Specifically, the parents took issue with a quiz question involving gun rights, reports journalist Ben Swann at Benswann.com. They say the unnamed teacher erroneously marked their daughter’s answer wrong.
The question was a hypothetical scenario:
“Mr. Jones’ gun was confiscated at a police traffic stop, even though he had the proper permit and license of ownership of the gun.”
The first sub-part to the question asked: “Is this situation Constitutional?” The second and third sub-parts ask students to identify the amendment at issue and state the relevant text.
The student indicated that the situation as described is not constitutional. The teacher allegedly marked this answer wrong, scribbling out the word “no” and writing “yes.”
The student definitely got the second sub-part wrong.
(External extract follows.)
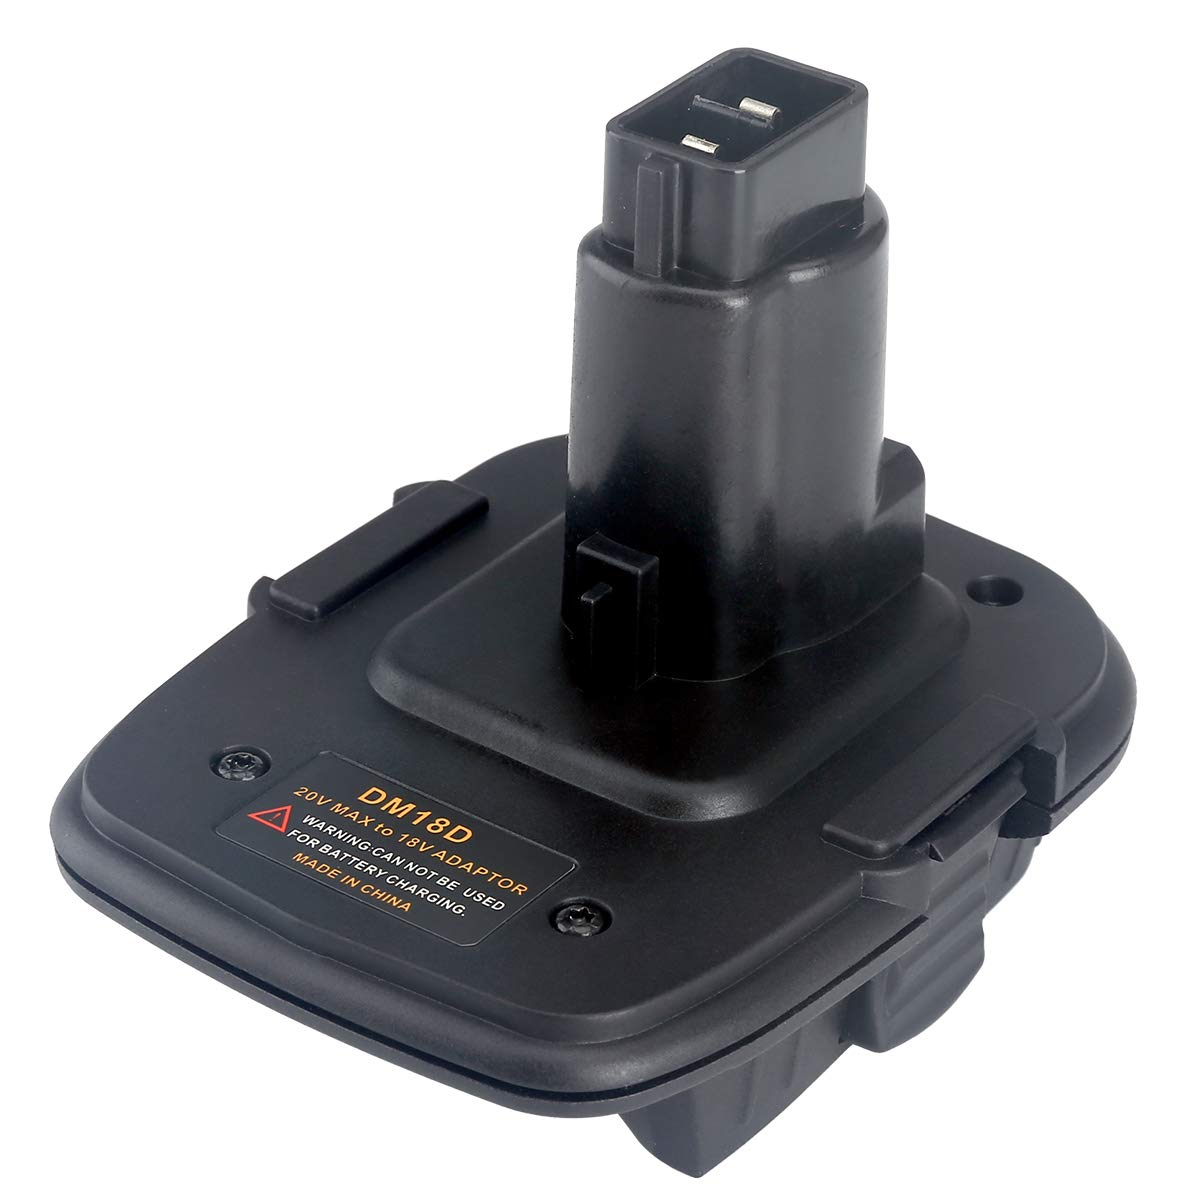 Battery Adapter for Dewalt DM18D Converter Milwaukee Battery to Dewalt Tools FHJ

She wrote that amendment at issue is the Fourth Amendment, not the Second.
(The girl’s answer for the third part is not visible.)
The National Rifle Association’s Institute for Legal Action notes that people generally don’t need a permit to buy or own a rifle, shotgun or handgun in South Carolina.
Assuming the gun at issue is a handgun and not, say, a hunting rifle, Section 16-23-20 of the South Carolina Code of Laws forbids people from carrying handguns. However, the law then provides 16 broad exceptions to this prohibition. Among those exceptions are (9) carrying the handgun in a closed compartment in a vehicle and (15) transferring a handgun between two places where handguns are legal.
Perhaps the teacher is a New Mexico transplant. As Reason.com notes, the Land of Enchantment’s state supreme court ruled in 2011 that the safety of police officers trumps the constitutional rights of gun owners in cars.
New Mexico state law has very little influence in South Carolina.
Across the country, a number of teachers and school districts have been giving strangely ambiguous information about the civil right that is gun ownership.
At Guyer High School in Denton, Texas, for instance, an Advanced Placement U.S. History textbook watered down the Second Amendment this way: “The people have a right to keep and bear arms in a state militia.” (RELATED: This high school is teaching kids a different version of the Second Amendment)
The full text of the Second Amendment to the Constitution of the United States reads: “A well regulated militia, being necessary to the security of a free state, the right of the people to keep and bear arms, shall not be infringed.”